Nathan Harkey is a doctoral student in history studying early modern Spanish history and the history of Protestant and Catholic Reformations under the direction of Freddy Dominguez. With support from the Sturgis International Fellowship, Harkey traveled to archives in Toledo, Spain, and in the British Library in the U.K. to investigate the Church's role in Spanish politics in the late 16th and early 17th centuries. In his dissertation, Harkey challenges traditional narratives that frame the rise of the Spanish monarchy as part of a "march toward secularization and the separation of church and state."

August Lantz is pursuing an M.F.A. in art working with professor Jeannie Hulen. They were invited to be an artist in residence at the Tainan National University of the Arts in Tainan, Taiwan. The Sturgis Fellowship supported Lantz's stay in Tainan and supported trips within Taiwan and to Vietnam to study historical ceramics techniques. Such experiences are important for Lantz's work as an artist, which emphasizes "sculptural porcelain forms that grapple with forging and (de)construction of Asian-American identities through processes of translation and ornamentation."

Elise Merchak is a doctoral student in space and planetary sciences studying the atmosphere of Venus and its interactions with conditions on the planet's surface. Her mentor is Vincent Chevrier. The Sturgis International Fellowship allowed Merchak to accept an unpaid internship in Berlin, Germany, at the German Aerospace Center. She was also able to conduct research at the center's Planetary Spectroscopy Laboratory, which is at the forefront in research into planetary sciences.

Larkin Perler is an honors undergraduate student with a double major in anthropology and studio art and a minor in biology. She has a strong interest in the arts and cultures of Southeast Asia, and the Sturgis International Fellowship allowed her to take part in a full-time study abroad program with USAC in Chiang Mai, Thailand.

Katlyn Rozovics is a doctoral student in history studying modern German history under the direction of J. Laurence Hare. Rozovics is currently studying the Nazi theft of Jewish-owned artworks in Europe and the ways in which the process of restitution has shaped the development of democracy in the Federal Republic of Germany in the postwar era. The Sturgis Fellowship allowed Rozovics to travel to archives in Berlin, Koblenz, where she examined files from the Einsatzstab Reichsleiter Rosenberg Taskforce and the German Federal Office for External Restitution. She also traveled to Munich to conduct research in the libraries of the Zentralinstitut für Kunstgeschichte.

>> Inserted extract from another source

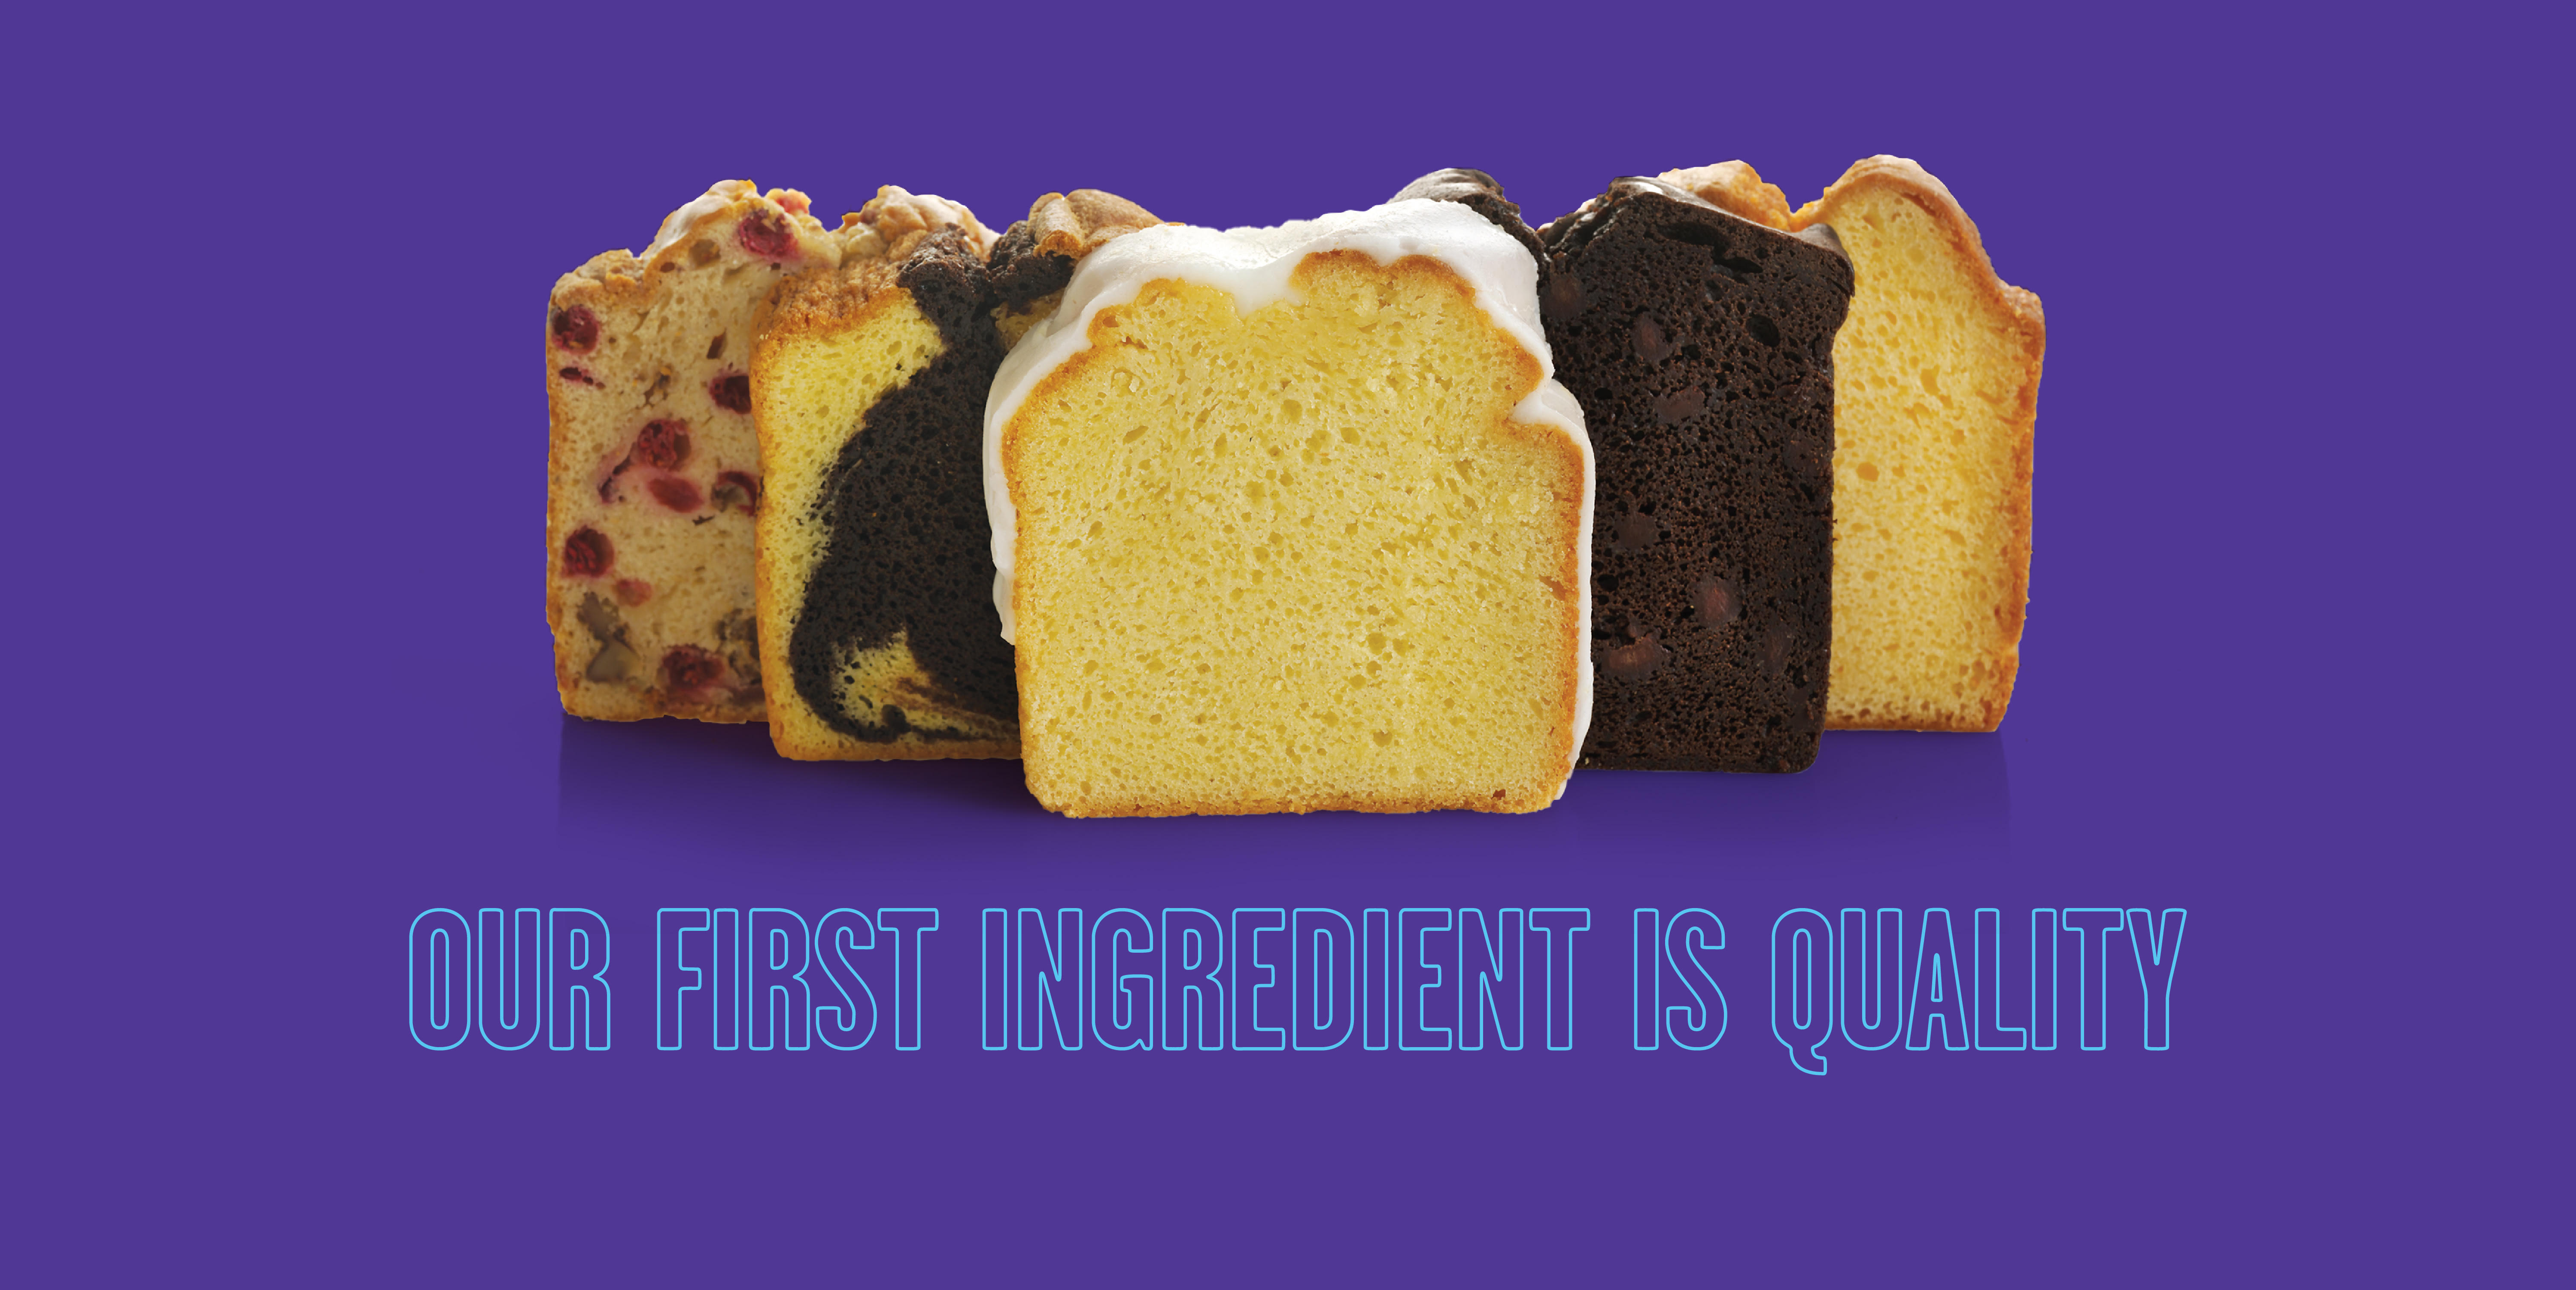 Our First Ingredient is Quality

Liz Villamizar Caceres is a doctoral student working with Luis Restrepo in comparative literature. Her research assesses the history and reception of Teatro Indiano, a 16th-century theater genre that painted the Spanish conquest of the Americas in a heroic light and that thereby supported the extension of colonial rule. Support from the fellowship allowed Villamizar Caceres to conduct research with original manuscripts at the National Library of Spain in Madrid and to attend a conference in Valladolid on the influence of visual arts in Hispanic literature.